#### [What is being asked]
An exact reprint of the data below is required, line for line.

Source data:
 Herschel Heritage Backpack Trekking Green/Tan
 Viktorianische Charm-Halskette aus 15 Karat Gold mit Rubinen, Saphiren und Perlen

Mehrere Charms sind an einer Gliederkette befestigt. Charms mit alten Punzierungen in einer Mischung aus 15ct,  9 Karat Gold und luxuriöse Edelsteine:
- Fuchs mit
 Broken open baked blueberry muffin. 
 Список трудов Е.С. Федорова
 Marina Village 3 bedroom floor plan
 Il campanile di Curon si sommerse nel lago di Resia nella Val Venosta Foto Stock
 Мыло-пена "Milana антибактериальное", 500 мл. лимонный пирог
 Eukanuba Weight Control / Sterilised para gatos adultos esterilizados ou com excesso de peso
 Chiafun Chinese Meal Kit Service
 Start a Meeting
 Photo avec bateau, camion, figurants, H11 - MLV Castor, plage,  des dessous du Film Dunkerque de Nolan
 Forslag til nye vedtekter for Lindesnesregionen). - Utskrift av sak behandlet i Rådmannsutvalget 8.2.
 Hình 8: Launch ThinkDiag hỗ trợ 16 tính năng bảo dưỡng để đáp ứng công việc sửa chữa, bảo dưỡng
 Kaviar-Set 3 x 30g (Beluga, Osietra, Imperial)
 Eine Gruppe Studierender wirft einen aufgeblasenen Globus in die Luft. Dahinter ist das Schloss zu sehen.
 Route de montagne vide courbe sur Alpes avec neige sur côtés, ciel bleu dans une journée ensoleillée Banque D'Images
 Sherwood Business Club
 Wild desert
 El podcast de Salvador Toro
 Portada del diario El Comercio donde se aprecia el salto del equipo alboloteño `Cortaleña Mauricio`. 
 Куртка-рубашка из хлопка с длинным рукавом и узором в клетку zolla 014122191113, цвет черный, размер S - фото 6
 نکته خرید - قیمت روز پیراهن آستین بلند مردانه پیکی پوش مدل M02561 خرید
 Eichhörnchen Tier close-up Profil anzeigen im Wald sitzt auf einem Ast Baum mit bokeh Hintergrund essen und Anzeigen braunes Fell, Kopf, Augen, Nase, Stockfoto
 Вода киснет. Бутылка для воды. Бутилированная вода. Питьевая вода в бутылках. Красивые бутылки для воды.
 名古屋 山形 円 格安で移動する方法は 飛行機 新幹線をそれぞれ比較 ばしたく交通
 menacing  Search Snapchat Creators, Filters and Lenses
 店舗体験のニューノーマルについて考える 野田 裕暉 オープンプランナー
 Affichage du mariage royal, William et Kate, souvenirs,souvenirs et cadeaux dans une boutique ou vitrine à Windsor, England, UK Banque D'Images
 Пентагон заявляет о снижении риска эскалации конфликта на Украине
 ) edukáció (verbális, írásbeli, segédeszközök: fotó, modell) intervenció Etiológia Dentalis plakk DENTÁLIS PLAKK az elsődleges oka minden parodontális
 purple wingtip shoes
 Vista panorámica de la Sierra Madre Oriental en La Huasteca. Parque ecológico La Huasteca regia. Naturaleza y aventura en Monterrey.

#### [Response box]
 Herschel Heritage Backpack Trekking Green/Tan
 Viktorianische Charm-Halskette aus 15 Karat Gold mit Rubinen, Saphiren und Perlen

Mehrere Charms sind an einer Gliederkette befestigt. Charms mit alten Punzierungen in einer Mischung aus 15ct,  9 Karat Gold und luxuriöse Edelsteine:
- Fuchs mit
 Broken open baked blueberry muffin. 
 Список трудов Е.С. Федорова
 Marina Village 3 bedroom floor plan
 Il campanile di Curon si sommerse nel lago di Resia nella Val Venosta Foto Stock
 Мыло-пена "Milana антибактериальное", 500 мл. лимонный пирог
 Eukanuba Weight Control / Sterilised para gatos adultos esterilizados ou com excesso de peso
 Chiafun Chinese Meal Kit Service
 Start a Meeting
 Photo avec bateau, camion, figurants, H11 - MLV Castor, plage,  des dessous du Film Dunkerque de Nolan
 Forslag til nye vedtekter for Lindesnesregionen). - Utskrift av sak behandlet i Rådmannsutvalget 8.2.
 Hình 8: Launch ThinkDiag hỗ trợ 16 tính năng bảo dưỡng để đáp ứng công việc sửa chữa, bảo dưỡng
 Kaviar-Set 3 x 30g (Beluga, Osietra, Imperial)
 Eine Gruppe Studierender wirft einen aufgeblasenen Globus in die Luft. Dahinter ist das Schloss zu sehen.
 Route de montagne vide courbe sur Alpes avec neige sur côtés, ciel bleu dans une journée ensoleillée Banque D'Images
 Sherwood Business Club
 Wild desert
 El podcast de Salvador Toro
 Portada del diario El Comercio donde se aprecia el salto del equipo alboloteño `Cortaleña Mauricio`. 
 Куртка-рубашка из хлопка с длинным рукавом и узором в клетку zolla 014122191113, цвет черный, размер S - фото 6
 نکته خرید - قیمت روز پیراهن آستین بلند مردانه پیکی پوش مدل M02561 خرید
 Eichhörnchen Tier close-up Profil anzeigen im Wald sitzt auf einem Ast Baum mit bokeh Hintergrund essen und Anzeigen braunes Fell, Kopf, Augen, Nase, Stockfoto
 Вода киснет. Бутылка для воды. Бутилированная вода. Питьевая вода в бутылках. Красивые бутылки для воды.
 名古屋 山形 円 格安で移動する方法は 飛行機 新幹線をそれぞれ比較 ばしたく交通
 menacing  Search Snapchat Creators, Filters and Lenses
 店舗体験のニューノーマルについて考える 野田 裕暉 オープンプランナー
 Affichage du mariage royal, William et Kate, souvenirs,souvenirs et cadeaux dans une boutique ou vitrine à Windsor, England, UK Banque D'Images
 Пентагон заявляет о снижении риска эскалации конфликта на Украине
 ) edukáció (verbális, írásbeli, segédeszközök: fotó, modell) intervenció Etiológia Dentalis plakk DENTÁLIS PLAKK az elsődleges oka minden parodontális
 purple wingtip shoes
 Vista panorámica de la Sierra Madre Oriental en La Huasteca. Parque ecológico La Huasteca regia. Naturaleza y aventura en Monterrey.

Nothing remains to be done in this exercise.